Aurelio Parisotto, OIT économiste principal
Alors que nous nous approchons de l’échéance de 2015 pour les actuels Objectifs du Millénaire pour le développement (OMD), nous avons une occasion en or de placer l’emploi et les moyens de subsistance en tête du calendrier international du développement. Ce ne sont pas seulement les dires de l’OIT. Les premiers résultats de l’enquête des Nations Unies pour un monde meilleur, intitulée «My World» (Mon monde), qui demandait aux habitants de 190 pays quelles étaient leurs priorités pour l’agenda du développement post-2015, montre que «l’emploi est une priorité essentielle partout».

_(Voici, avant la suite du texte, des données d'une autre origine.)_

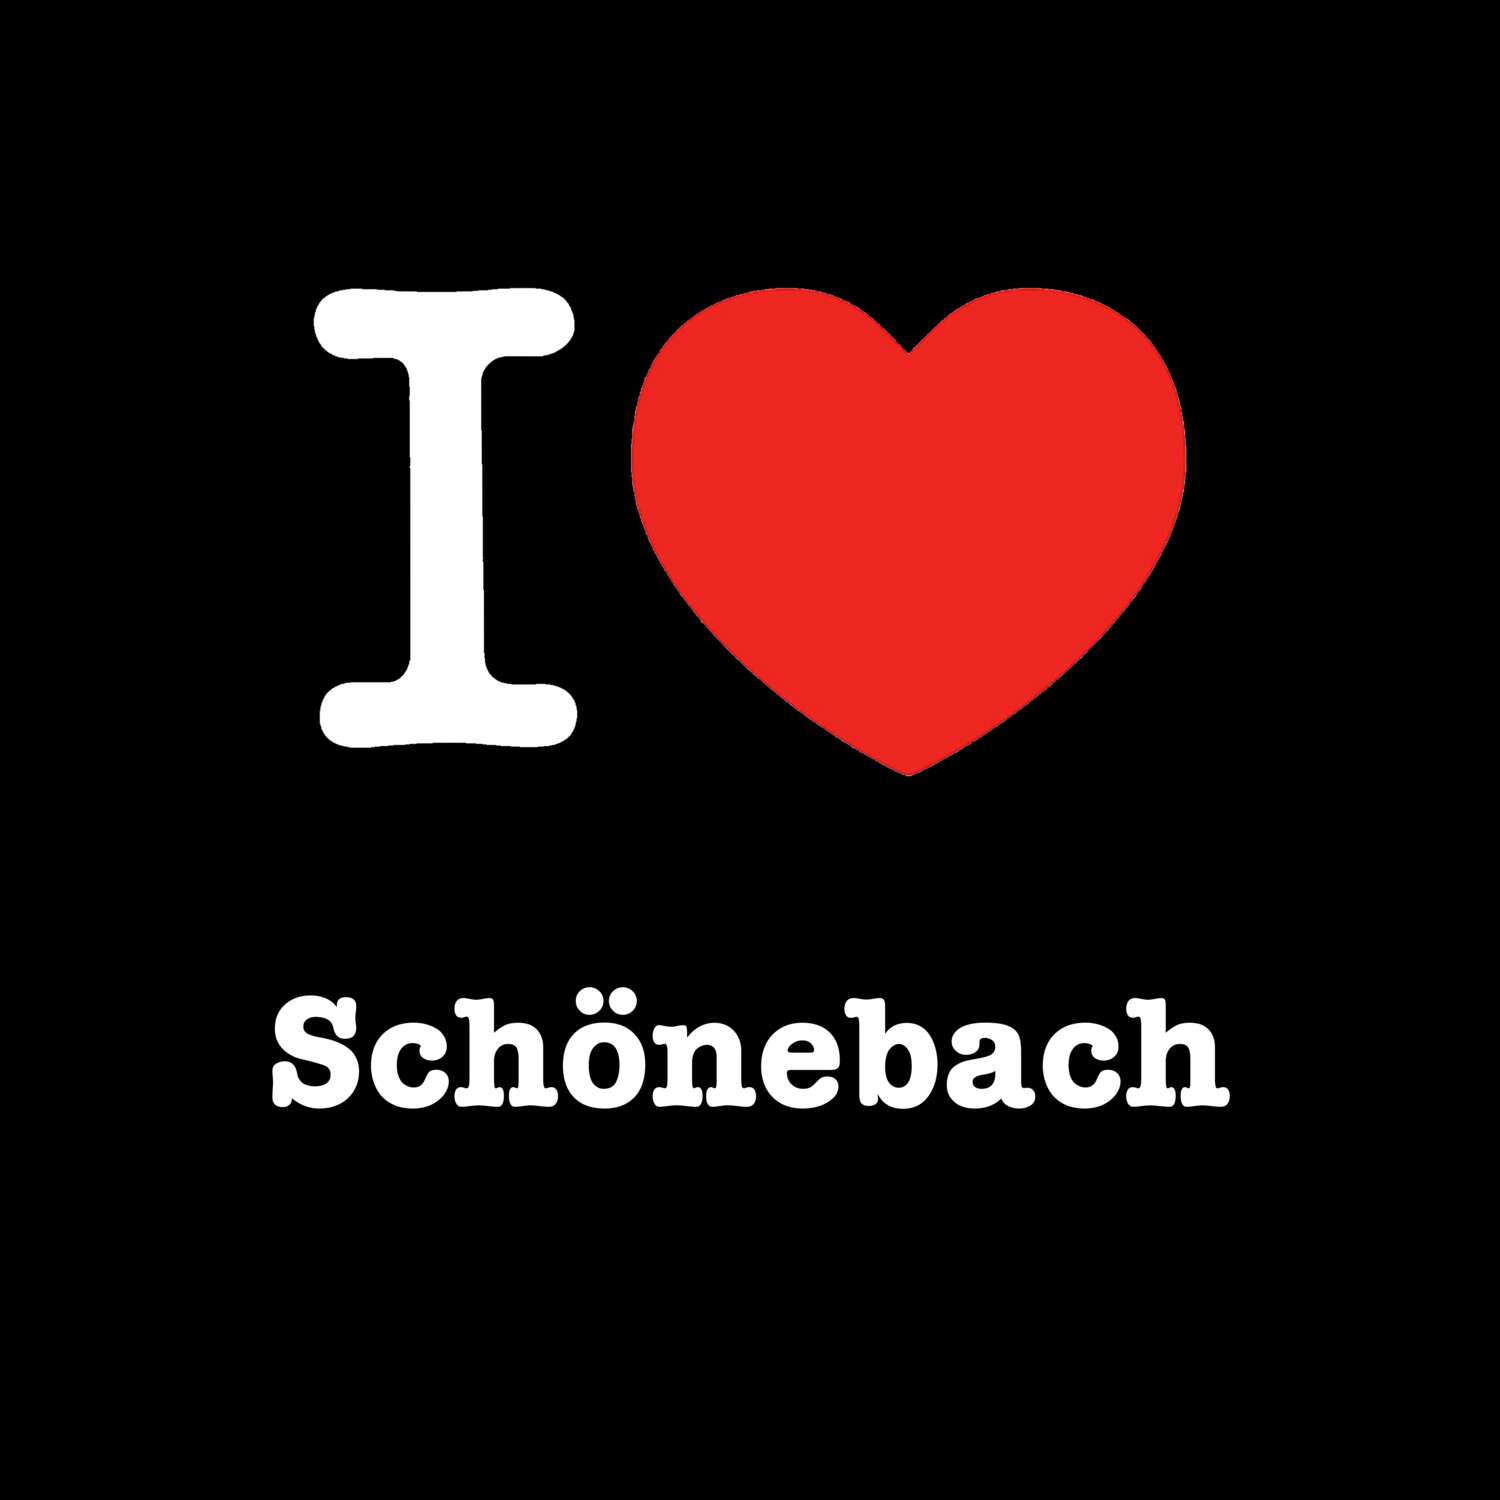 Schönebach T-Shirt »I love«

De l’Albanie à la Jordanie, du Viet Nam à la Zambie, l’appel en faveur de meilleures opportunités d’emploi, plus nombreuses, s’est clairement fait entendre dans les discussions en ligne et les consultations nationales organisées par l’ONU. En Ouganda, parmi les 17 000 personnes consultées, près de la moitié ont déclaré qu’obtenir un emploi était leur priorité numéro un. Beaucoup de participants aux consultations ont également mentionné la nécessité de disposer d’une meilleure protection sociale, en particulier dans les secteurs informels qui se caractérisent par une précarité économique et sociale est élevée.

Ces aspirations ne sont pas étonnantes vu la situation actuelle du marché du travail mondial.


L’ampleur du défi

Aujourd’hui, on compte plus de 200 millions de chômeurs dans le monde, dont près de la moitié sont des jeunes. Au-delà du nombre absolu d’emplois supplémentaires nécessaires, la qualité des emplois requiert aussi toute notre attention.

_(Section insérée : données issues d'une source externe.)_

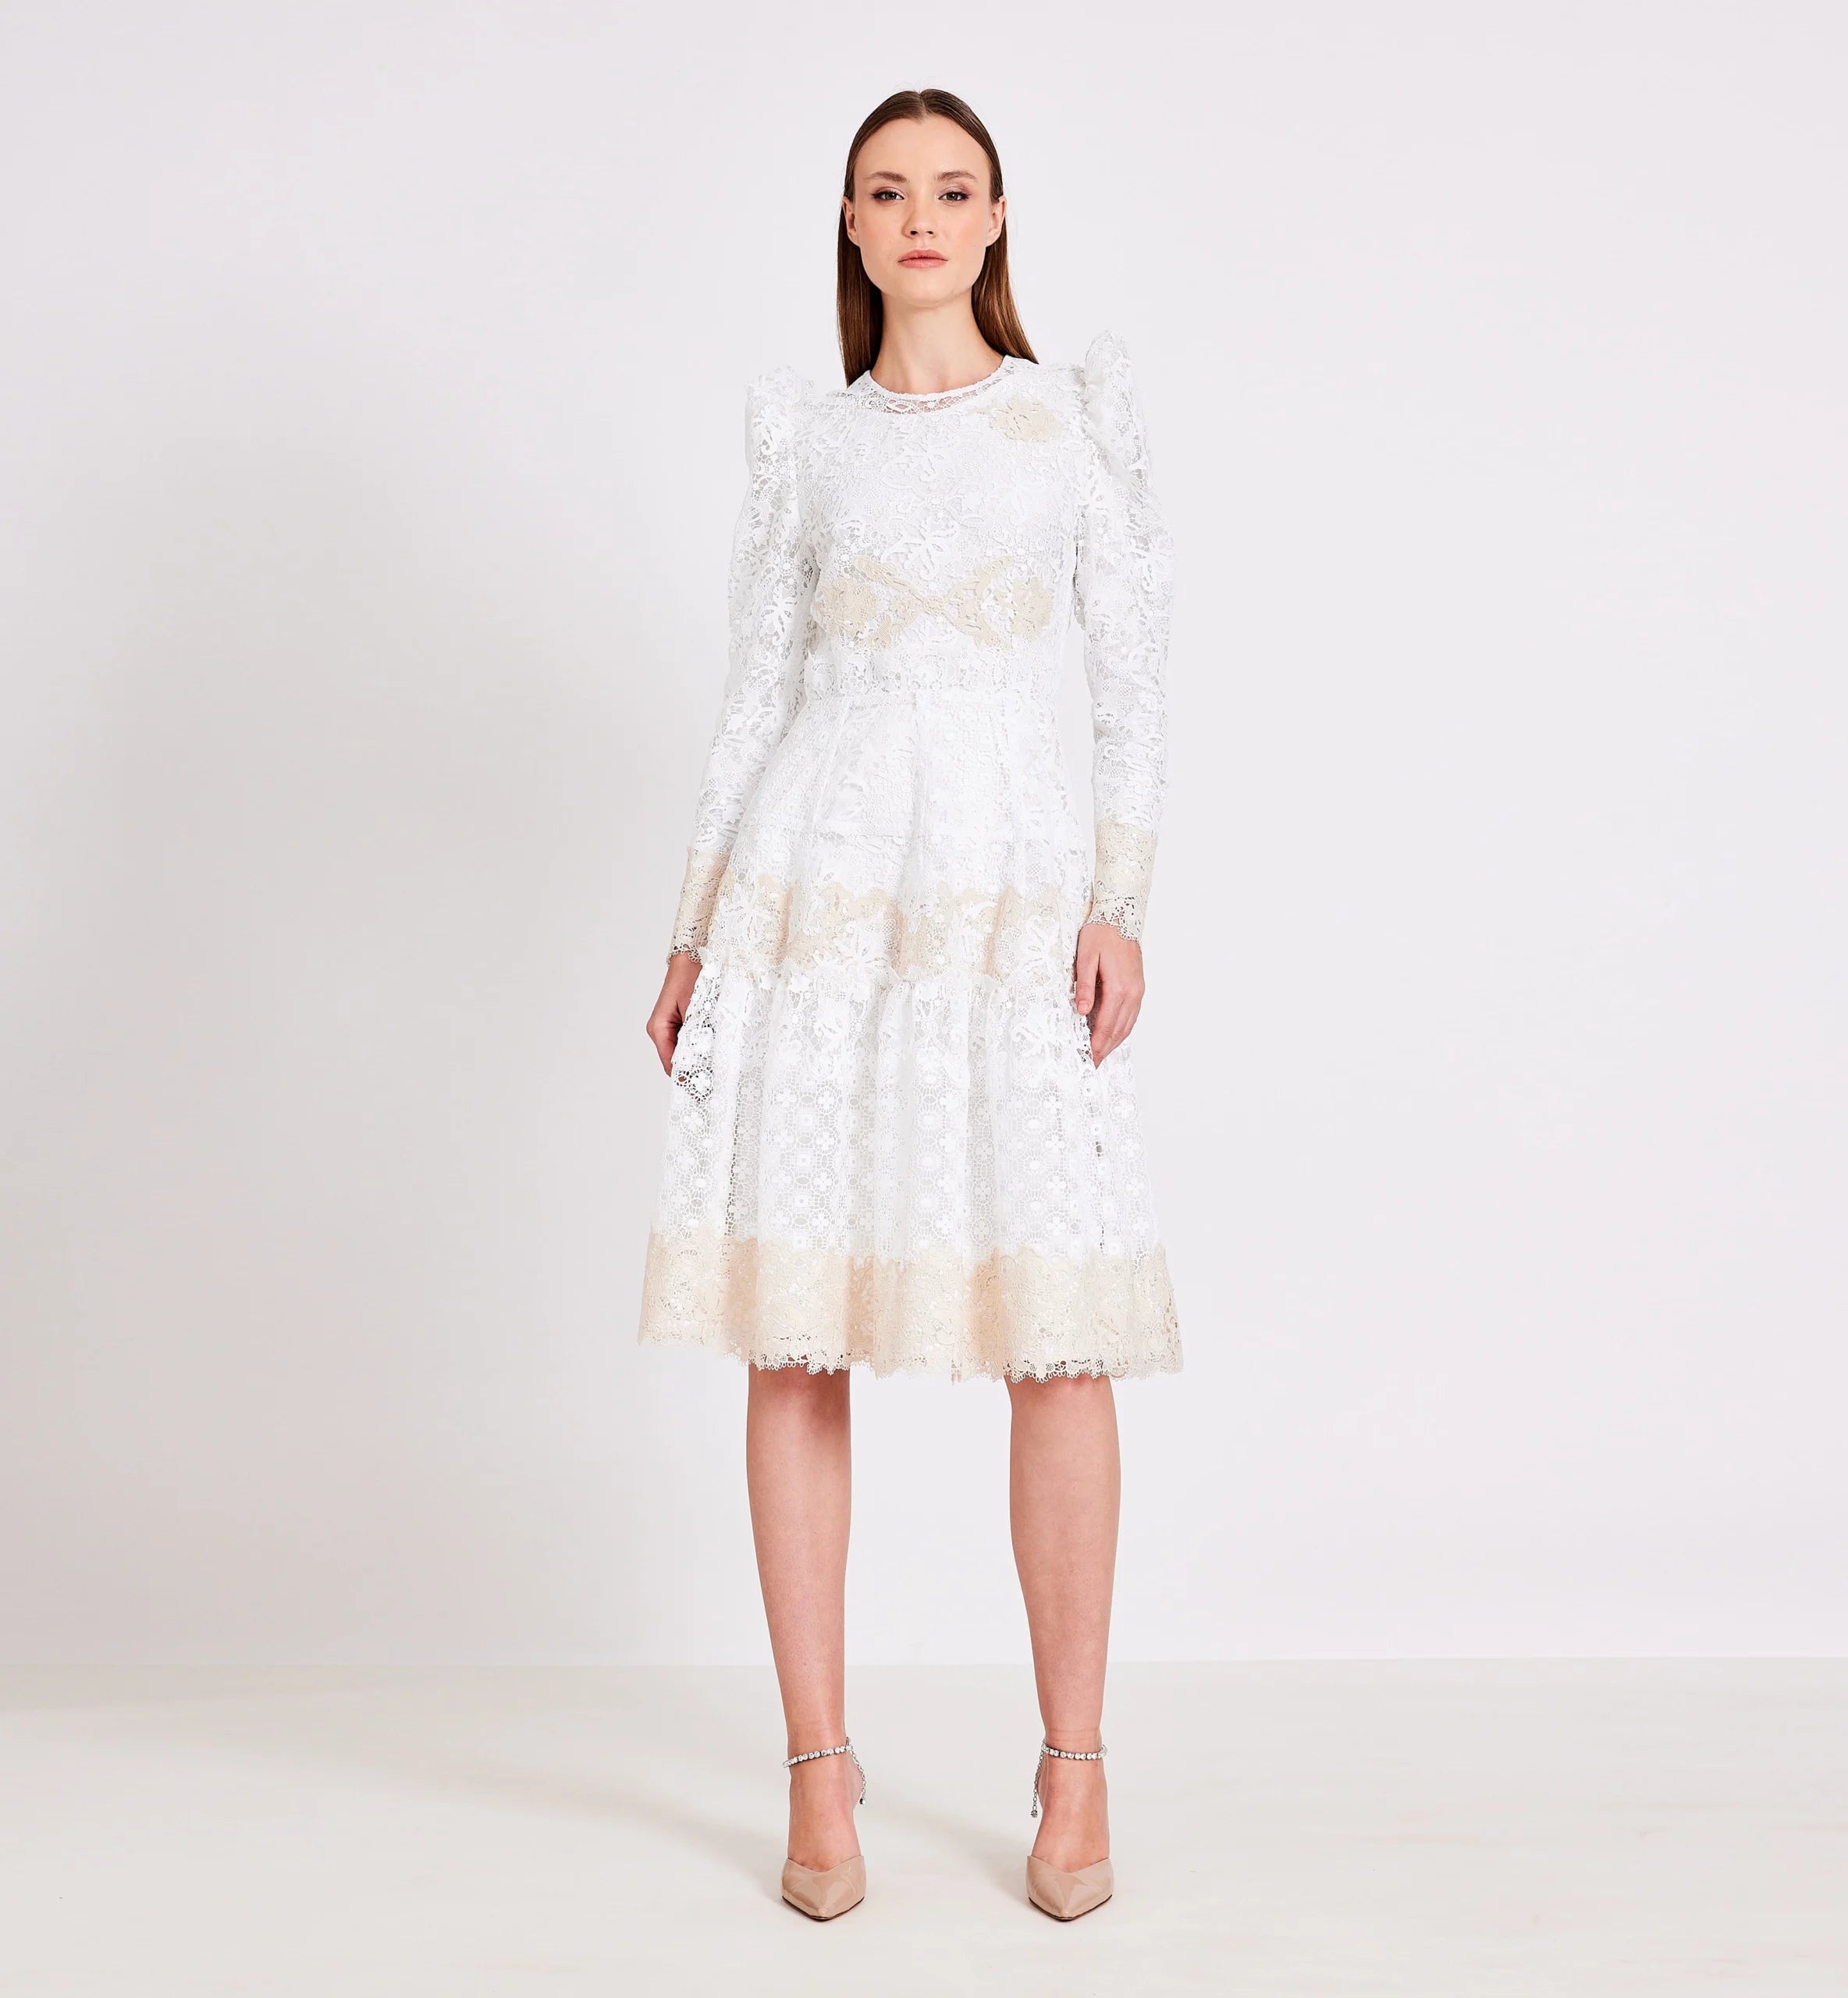 Lace Dress in Biege & White

A l’échelle mondiale, un travailleur sur trois vit avec sa famille au-dessous du seuil de pauvreté de 2 dollars par jour. Ils travaillent comme employés rémunérés, travailleurs indépendants ou travailleurs familiaux non rémunérés, mais restent englués dans la pauvreté. En pensant aux quinze prochaines années, ce sont environ 470 millions d’emplois qui devront être créés entre 2015 et 2030, ne serait-ce que pour rester en phase avec la croissance de la population mondiale en âge de travailler.

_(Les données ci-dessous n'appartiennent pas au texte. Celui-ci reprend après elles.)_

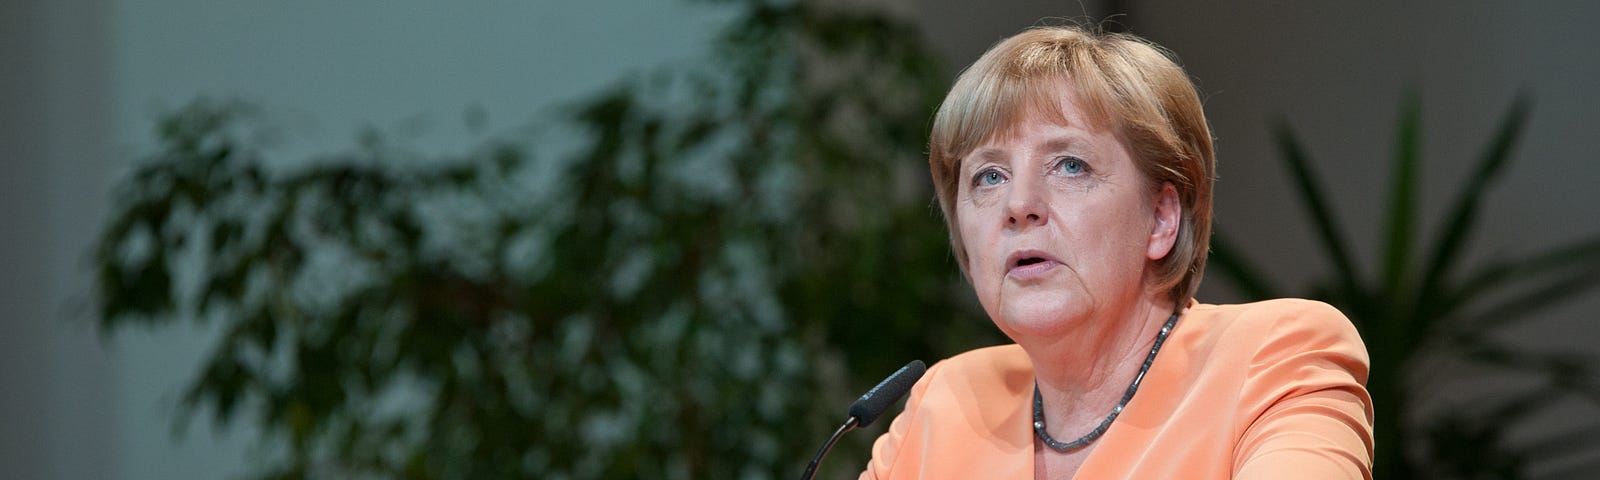 German Chancellor Angela Merkel. Image via Creative Commons.

Il faudra aussi se mobiliser davantage pour garantir que ces emplois sont décents, qu’ils donnent vraiment aux gens une chance d’échapper à la misère. Ce qui implique une action concertée pour lutter contre la volatilité économique persistante et le creusement des inégalités de revenus qui affaiblissent le tissu social et politique de nos sociétés.


Un calendrier orienté vers l’action

Autrement dit, nous avons besoin de politiques qui créent des emplois décents. Les exemples à suivre existent.

Les pays qui ont emprunté cette voie, par exemple en Amérique latine et en Asie – se sont d’abord attaqué aux facteurs structurels qui sous-tendent la pauvreté et le sous-emploi. Ils se sont attachés à rendre la croissance économique plus inclusive en combinant des politiques favorisant l’investissement et la création d’entreprise avec des mesures destinées à étendre la protection sociale et à renforcer les marchés du travail.

Les autres ingrédients essentiels du succès sont des institutions gouvernementales fortes et stables, respectueuses de l’état de droit, des droits de l’homme et du droit de propriété ainsi qu’un environnement propice au démarrage et au développement des entreprises. Les politiques et les institutions du marché du travail, comme le salaire minimum et la législation protégeant l’emploi, ont aussi joué un rôle.

Un ordre du jour convenu au niveau mondial pour améliorer la qualité et la quantité d’emplois encouragerait les pays à concentrer leur attention stratégique et leurs ressources sur des dimensions essentielles qui n’ont pas été suffisamment intégrées dans les OMD.

Mais en fin de compte, c’est l’action nationale qui sera déterminante pour la réussite du nouveau cadre de développement. A titre individuel, les pays auront besoin de flexibilité pour fixer leurs propres objectifs et assumer la principale responsabilité pour les atteindre en fonction des circonstances et des besoins nationaux.


Conception des politiques et suivi des progrès

L’appui international aux pays pour améliorer la collecte et la disponibilité des statistiques devrait être un élément clé du nouveau cadre de développement.

De nombreux pays en développement disposent d’ores et déjà des indicateurs fondamentaux pour suivre la progression de l’emploi et des revenus. Toutefois, un manque d’information subsiste quant à la qualité de l’emploi, en particulier pour les personnes qui sont au bas de l’échelle. Un petit investissement, coordonné à l’échelle internationale, dans le domaine de la qualité et de la quantité des statistiques du marché du travail, pourrait vraiment faire la différence.

S’assurer de l’engagement du secteur privé, des syndicats et de la société civile est aussi crucial. L’expérience montre que les discussions relatives aux problèmes économiques et sociaux tirent profit de la participation de différents ministères et agences techniques. L’aide internationale peut jouer un rôle en facilitant ces interactions.


Nous devons relever le défi

Avoir accès à un travail sûr, productif et convenablement rémunéré, ce n’est pas juste une question de gagner un revenu. C’est un moyen important pour les individus et leur famille de gagner en estime de soi, de renforcer leur sentiment d’appartenance à une communauté et d’apporter leur contribution à la production. La transition vers un développement inclusif et durable sera impossible si des millions de personnes se voient refuser la possibilité de gagner leur vie dans des conditions d’équité et de dignité.

Là où l’emploi se fait rare, où les moyens de subsistance laissent les ménages dans la pauvreté, il y a moins de croissance, mois de sécurité et moins de développement économique et humain.

L’ampleur des enjeux ne fait aucun doute, c’est pourquoi le plein emploi productif et le travail décent devraient être élevés au rang d’objectifs centraux de l’agenda pour le développement post-2015.